The essence and significance of Sustainable Rural Development
DOI:
https://doi.org/10.31489/2022ec2/181-196Keywords:
sustainable development, economic potential, methods, international experience, resource, mechanism, analysis, strategy, procedure, rural area, program developmentAbstract
Object: To analyze the definitions of the concept of “sustainable development”, identify its inherent features inherent; determine its components based on systematization of scientific approaches to the definition of sustainable development of rural areas; concretize theoretical provisions that reveal the essence of the conceptual concepts of sustainable rural development based on diversification, including the goals of ensuring the sustainability of sustainable development, factors affecting the organizational and economic potential of rural areas and the main directions that ensure
this development.
Methods: Abstract-logical, statistical, expert, comparative, and structural methods.
Results: The sustainable development of rural areas is characterized by a diversity of problems. It presupposes sustainable development, ensuring satisfaction of the needs of present and future generations. This can be achieved as a result of providing rural areas with food, agricultural raw materials, preserving rural production and culture of life, implementing social development, preserving the historically developed landscape and environmental safety, and performing other functions that are implemented under the influence of the following interrelated factors: social, demographic, economic, environmental, infrastructural, and innovative.
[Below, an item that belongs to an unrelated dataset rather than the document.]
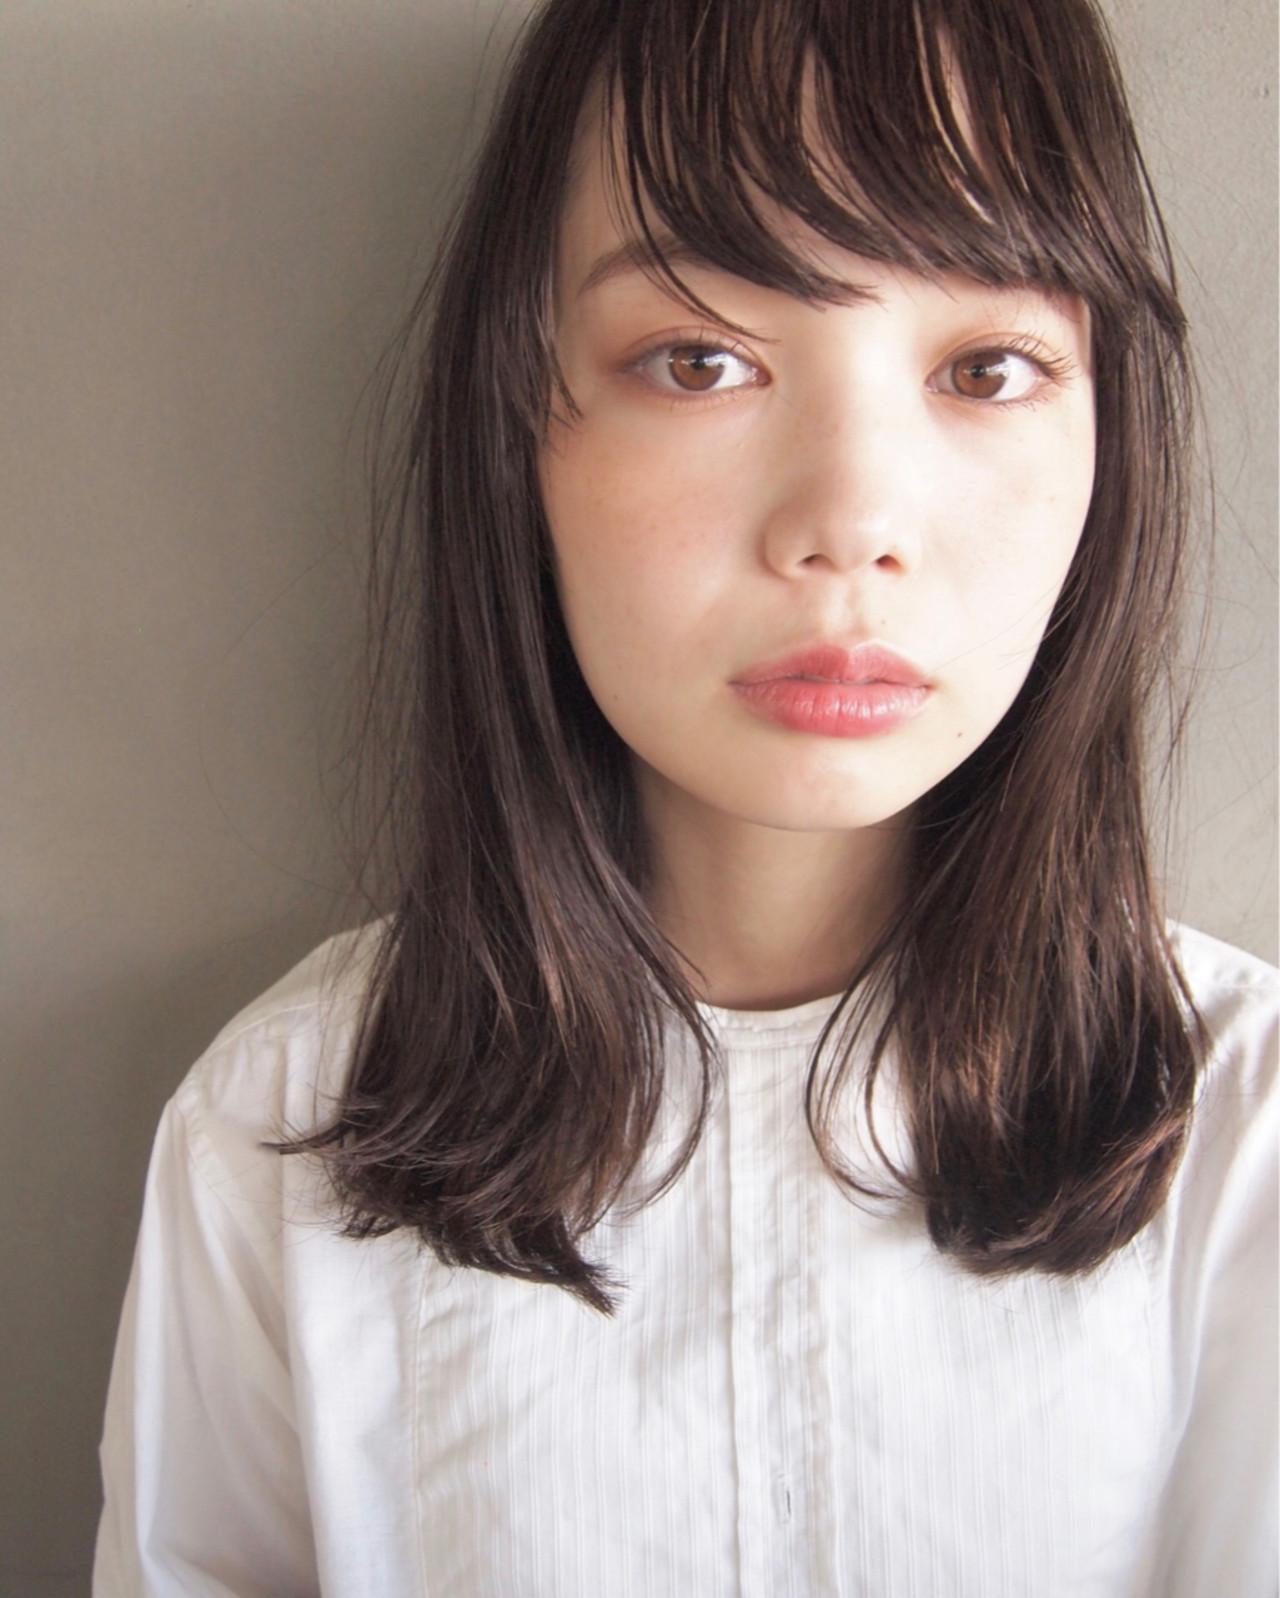 黒髪でナチュラルな印象に UEKI/nanuk
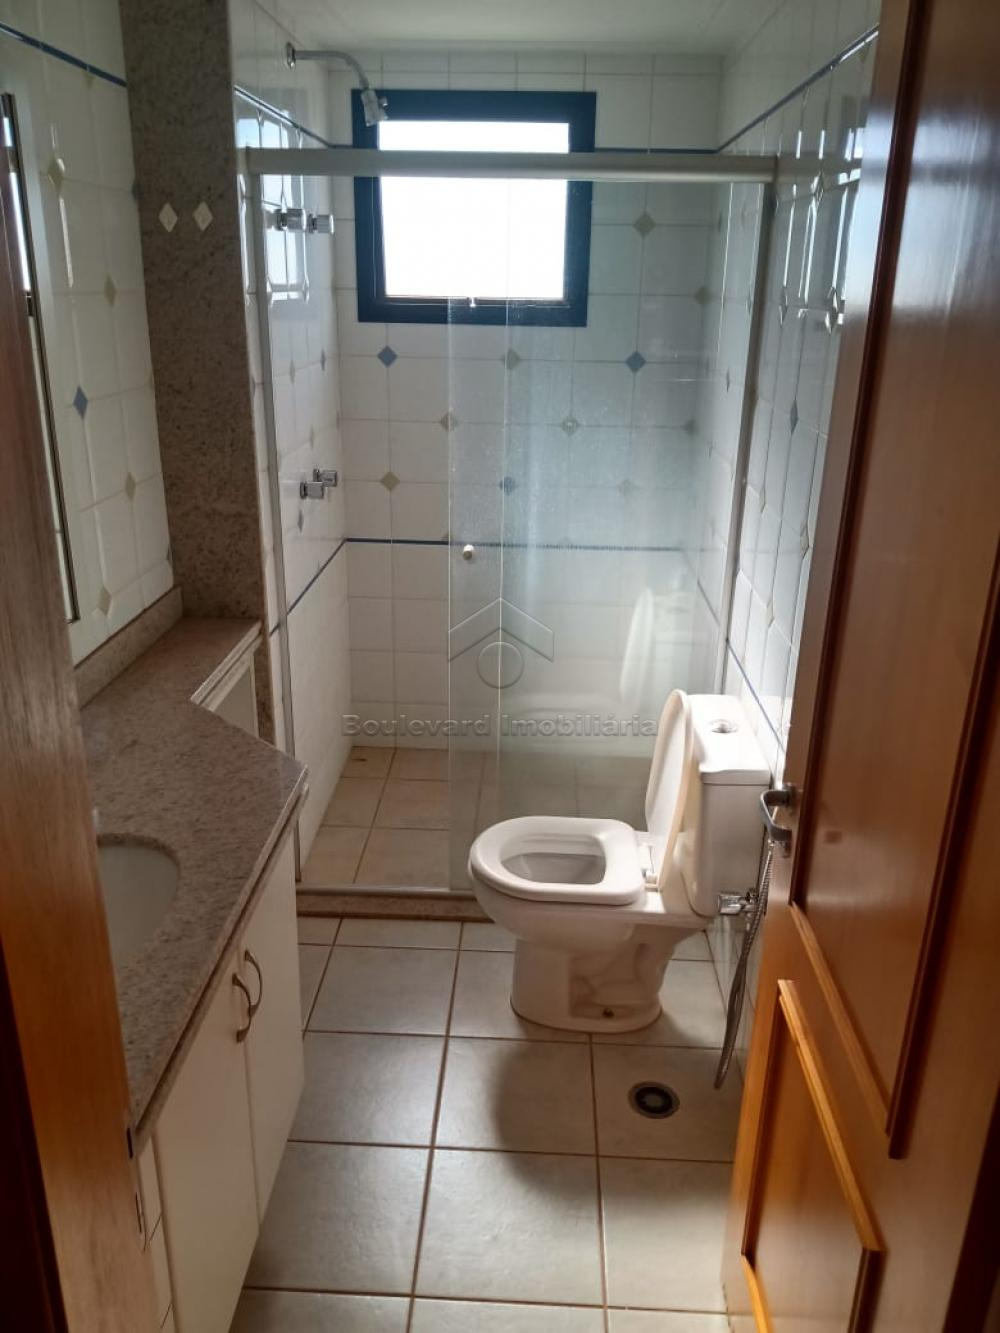 Alugar Apartamento / Padrão em Ribeirão Preto apenas R$ 2.400,00 - Foto 8

Conclusions: Sustainable development requires not only the availability of various natural resources, but also the conditions of their interaction, which form the historical basis of rural habitat and form the means of production, labor, scientific and technical potential accumulated by national wealth. Therefore, the structural scheme of the organizational and economic potential of sustainable rural development includes organizational (legal, financial, personnel and information support) and economic (natural resources, material resources, labor resources, investments and innovations) potentials.